Посмотри сюда, в эту сторону: видишь ли это почерневшее дерево, которое стоит в поле за домом твоего отца?
— Вижу.
— А левее этого дерева растет другое, каштан, оно у самой опушки леса.
— Вижу, вижу. Я знаю это дерево, возле него есть ручей.
— У этого дерева землемер оставил свою племянницу.
Можешь ли ты сходить туда и отнести письмо?
— Нет ничего легче. Мы все, молодые девушки, ходим на это поле собирать ягоды, побегу сейчас за корзиной, а вы, между тем, напишите письмо. Никому и в голову не придет, что я иду с письмом. О, как мне хочется видеть Урсулу! Как вы думаете, согласится ли она выйти за Зефана?
— Все молодые девушки так ветрены и непостоянны, что я не решаюсь ответить на этот вопрос.
— А я могу вас заверить, — вскрикнула Лавиния, побежав за корзинкой, — что нет никого постояннее девушек.

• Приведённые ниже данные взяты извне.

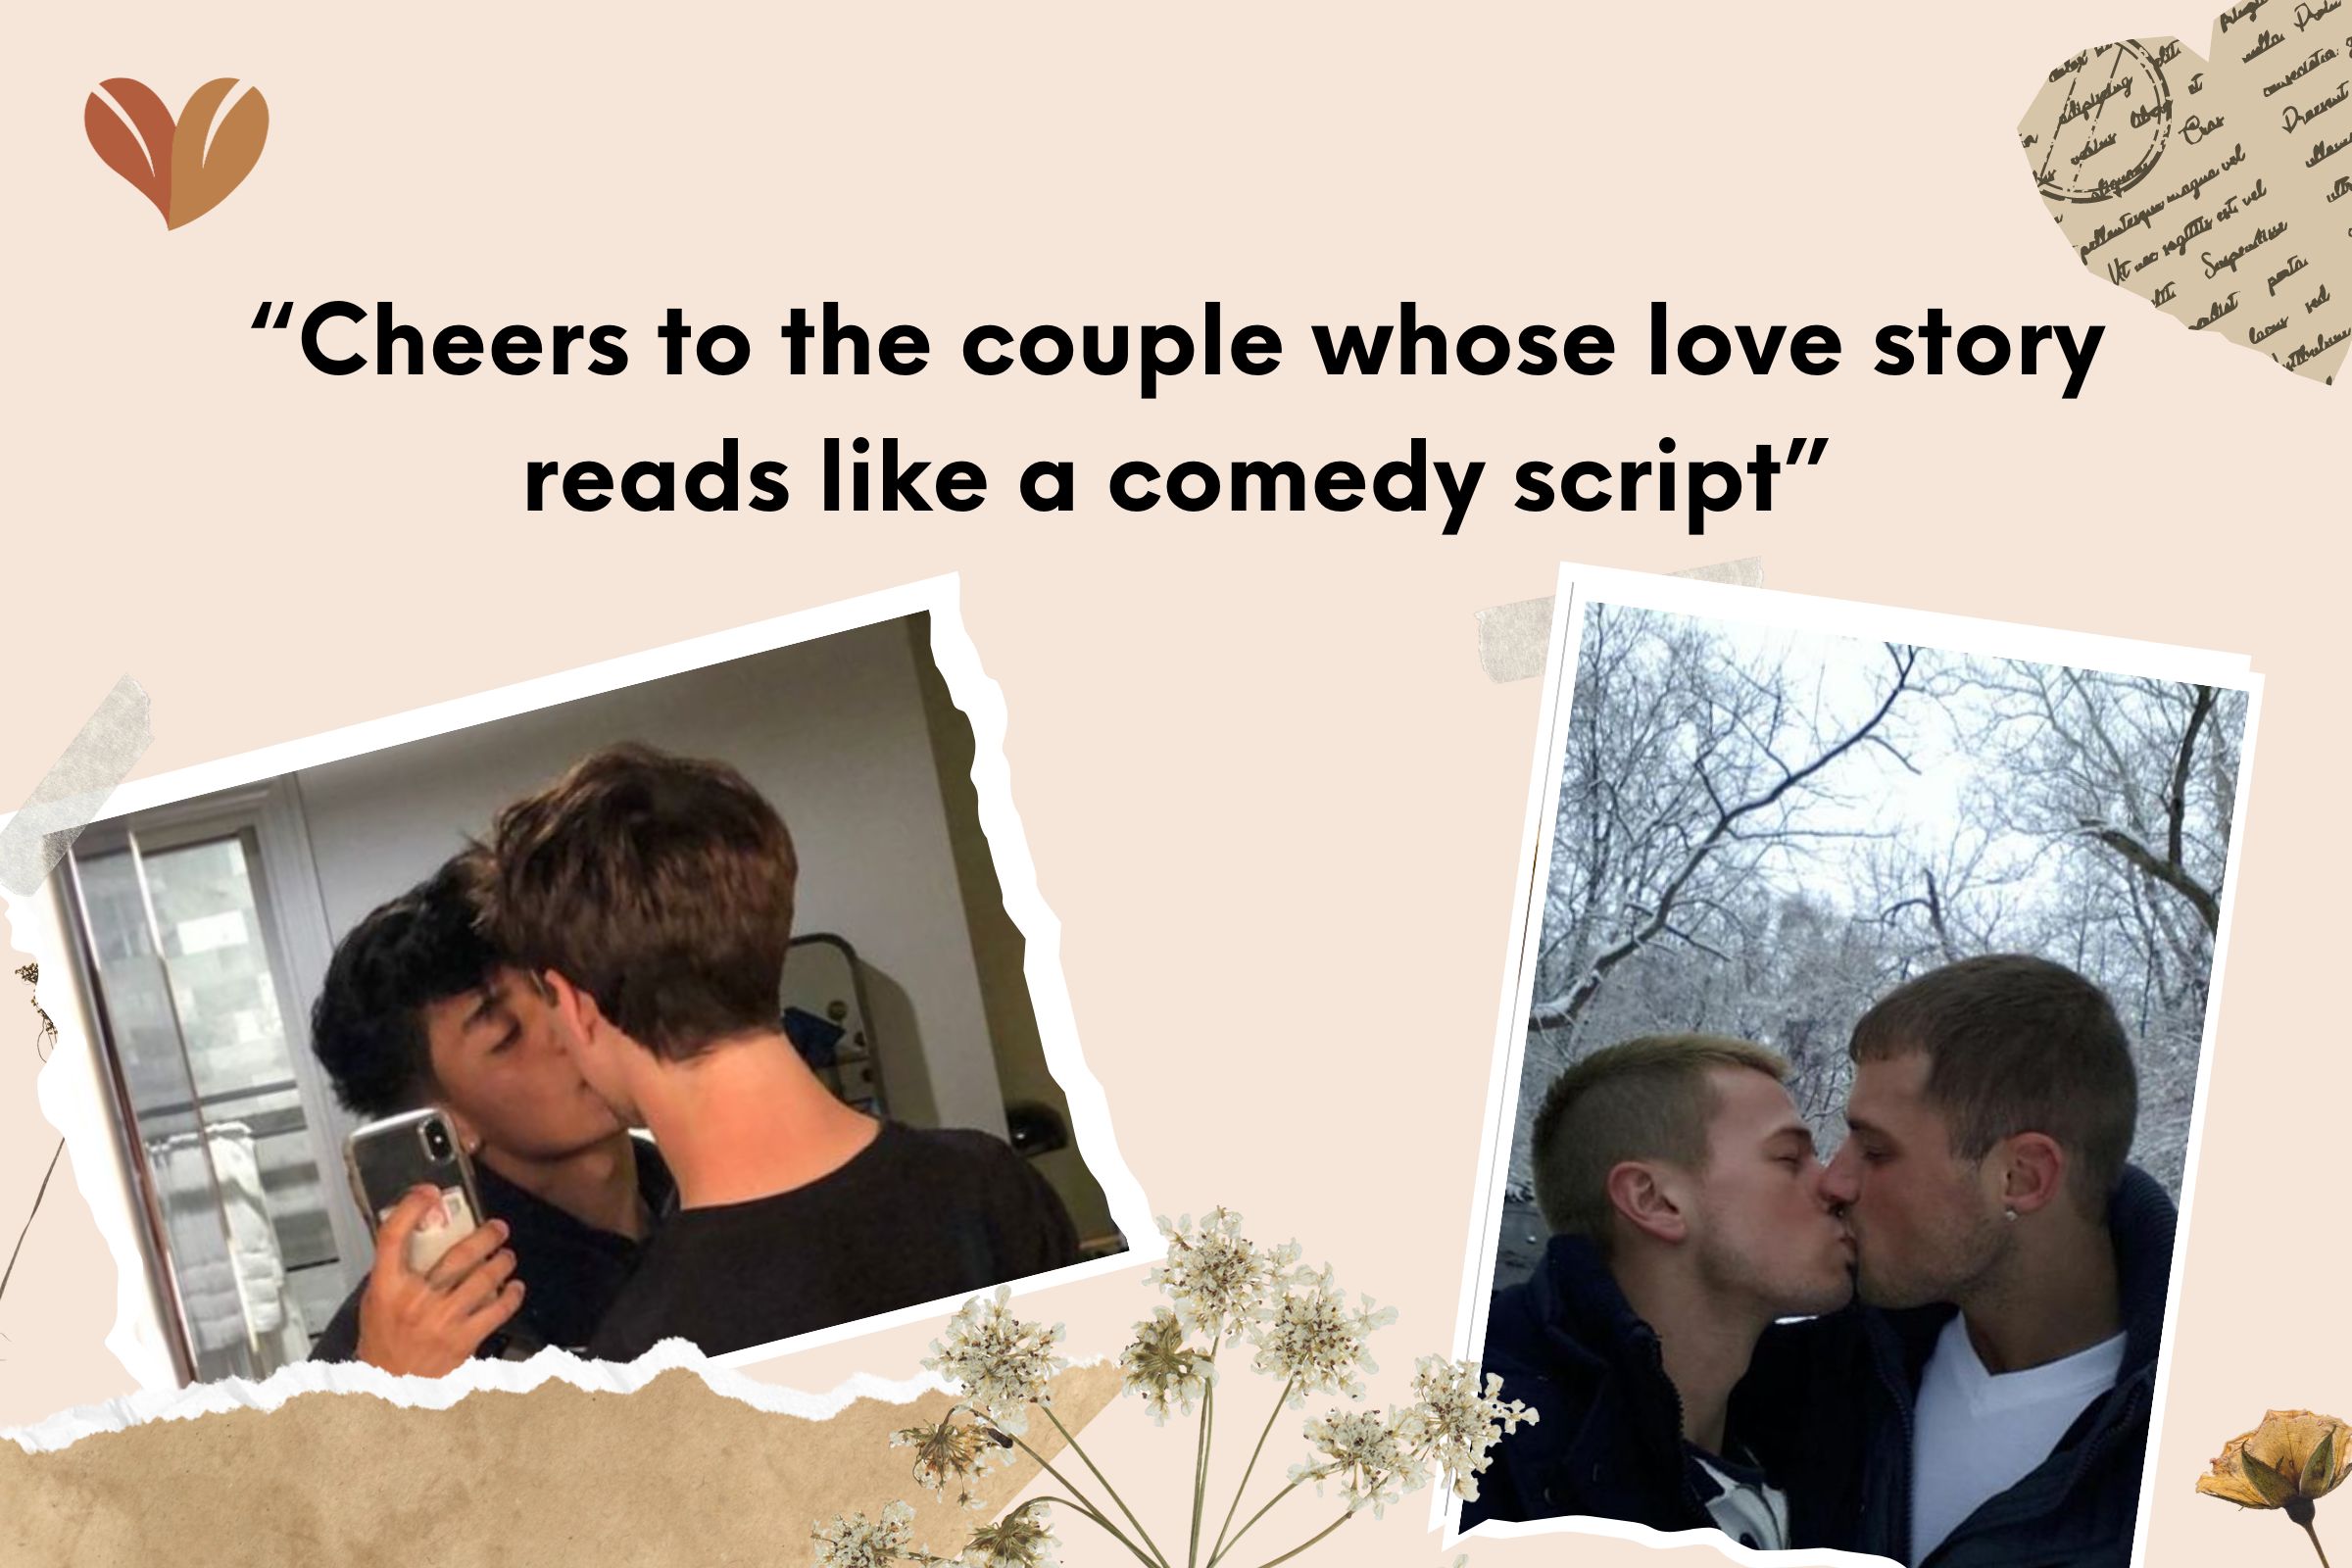 “Cheers to the couple whose love story reads like a comedy script”

Я приготовился писать. Вынув из портфеля все нужное, я подошел к землемеру, чтобы сказать ему об этом и спросить, не надо ли ему написать о чем-нибудь племяннице.
— Напишите, Мордаунт, что я посылаю ей свое благословение. Скажите, что старик землемер молится о ней.
В нескольких словах я объяснил Урсуле положение, в котором мы находились, потом умолял ее возвратиться к Франку и не покидать его. Напомнив ей о моих чувствах, я уверял, что они не только не изменились, но еще больше вспыхнули во мне со дня разлуки. Закончив письмо, я увидел Лавинию; она подошла к амбару, неся кринку молока; взяв от меня письмо, она поспешила в поле. Я слышал, как она кричала одной из своих сестер, что идет собирать ежевику для своих арестантов.
Я с любопытством следил за всеми движениями молодой девушки. Землемер, изнуренный продолжительной бессонницей, крепко спал. Индеец с аппетитом уничтожал хлеб и молоко.
Лавиния пошла прямо к полю и вскоре скрылась. Мои глаза были устремлены на лес, в который она вошла.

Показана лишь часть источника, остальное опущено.